# [Exercise]
Beginning with the line that contains "Donica Ceramiczna 42 Cm Turkusowa" and ending with the line that contains "platinum-and-pearls", reproduce the lines of the entries below exactly, omitting pictures.

# [Information]
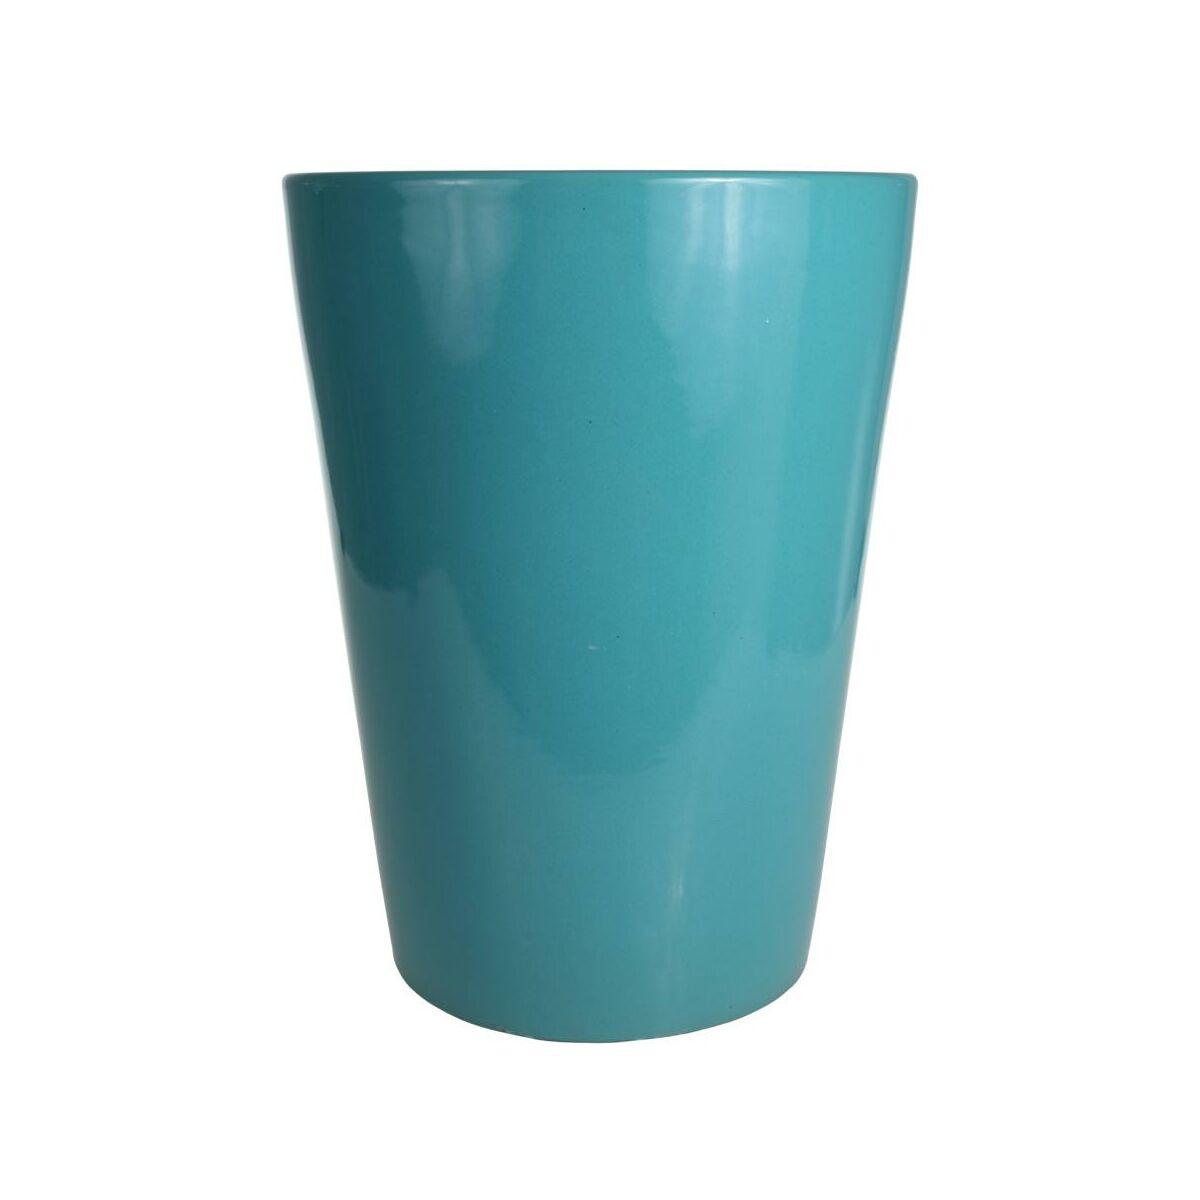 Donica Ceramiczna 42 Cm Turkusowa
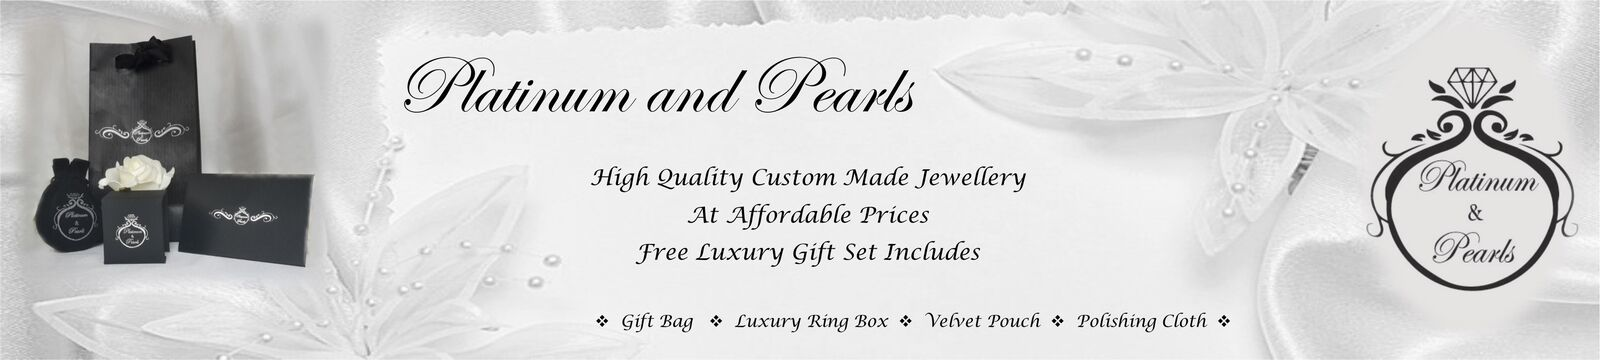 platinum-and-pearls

...

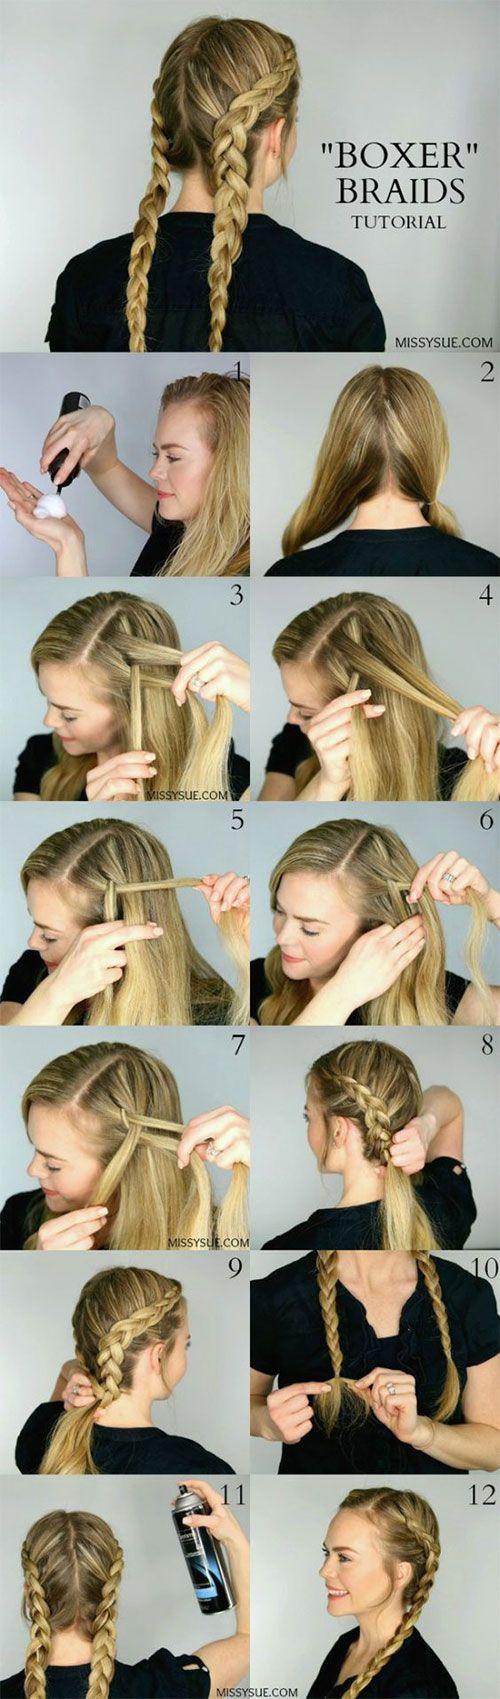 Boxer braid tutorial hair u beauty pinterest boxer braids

# [Solved exercise]
 Donica Ceramiczna 42 Cm Turkusowa
 platinum-and-pearls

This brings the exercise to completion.